映画制作業者の国産映画制作に投資する営利事業者に対する所得税低減規則
二〇〇四年七月十五日公布
第一条:本規則は映画法(以下、本法)第三十九条の一、第四項の規定による。
第二条:本規則で使用される用語の定義は以下の通りである。
①納めるべき営利事業所得税の低減:税務機関が確定した営利事業課税所得額は、規定の税率によって算出された納税額、および確定前年度の未配分利益の一〇%で計算した額を加えたものを差し引く。
②出資株:会社の設立・発起の際、発起人が出資した株、あるいは増資にあたり株主が購入した株。
③公募株:会社の設立、または増資のために公募した株、および証券会社を通して公募した株。
④創立:二〇〇四年一月九日~二〇〇九年一月八日において、法に基づき会社の設立登記を完了したもの。
⑤増資:二〇〇四年一月九日~二〇〇九年一月八日において、法に基づき増資の変更登記を完了したもの。
⑥出資株または公募の記名株は三年以上所有する:営利事業の株主が株価を支払った日から数えて三年以上経過したものについてである。

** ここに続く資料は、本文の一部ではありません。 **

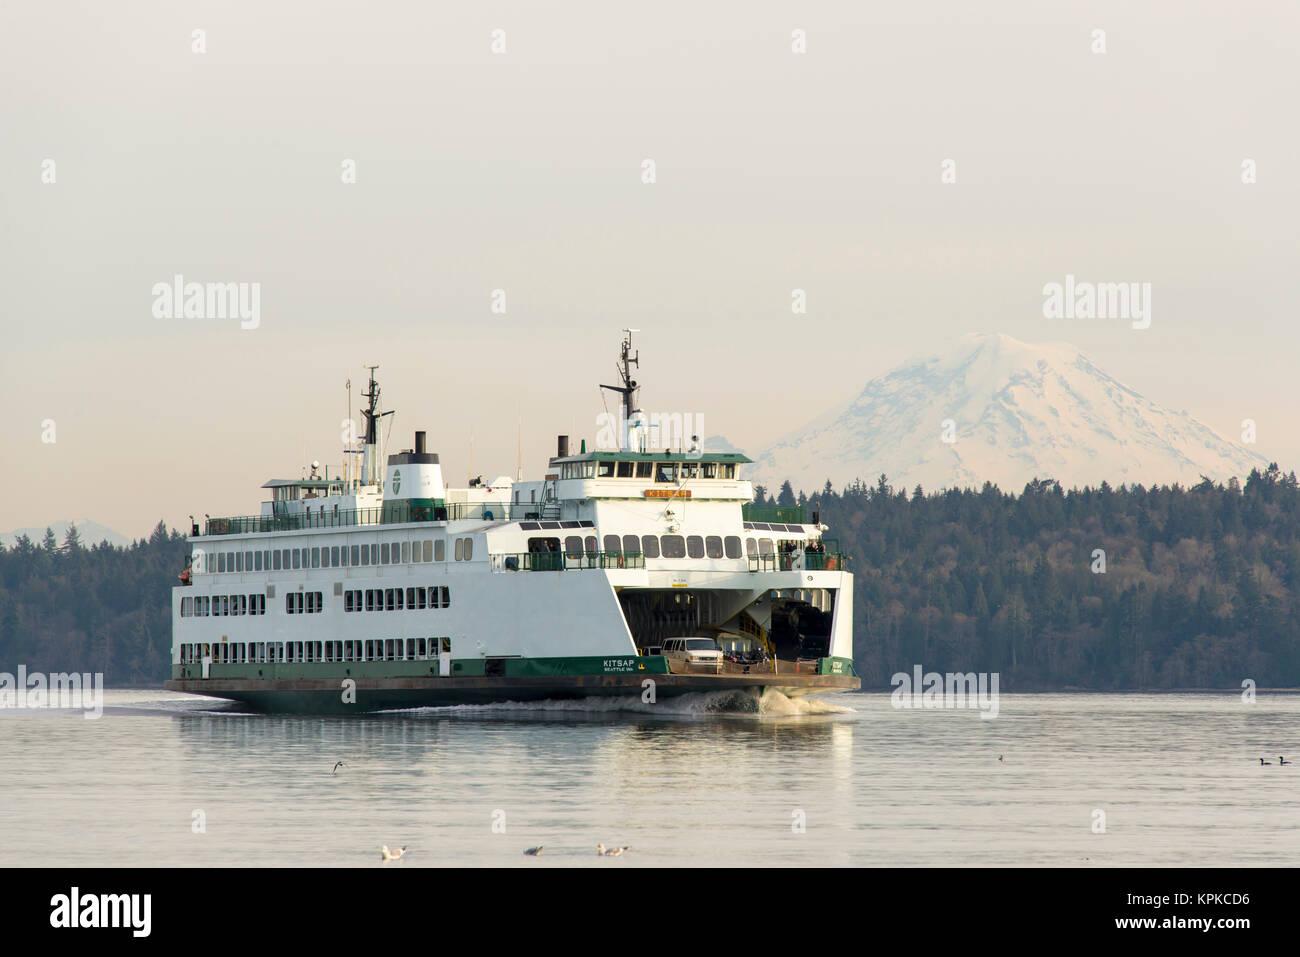 Ferry From Bremerton To Bainbridge Island

⑦当年度:出資株または公募の記名株を所有して四年目を指す。
第三条:営利事業者で、出資株または本規則が規定している映画制作業者の設立または増資のために発行した記名株を三年以上保有しているものは、本法第三十九条の一、第一項の規定により、取得した株価の二〇%を、当年度より五年間、支払うべき営利事業所得税から毎年免除する。
毎年低減される事業所得税総額は、営利事業者が当年度に支払うべき事業所得税の五〇%を超えてはならない。ただし、最終年度はこの限りではない。
第四条:映画制作業者の国産映画制作に投資する営利事業者に対する税の優遇措置は、投資を受けた映画制作業者が申請しなければならない。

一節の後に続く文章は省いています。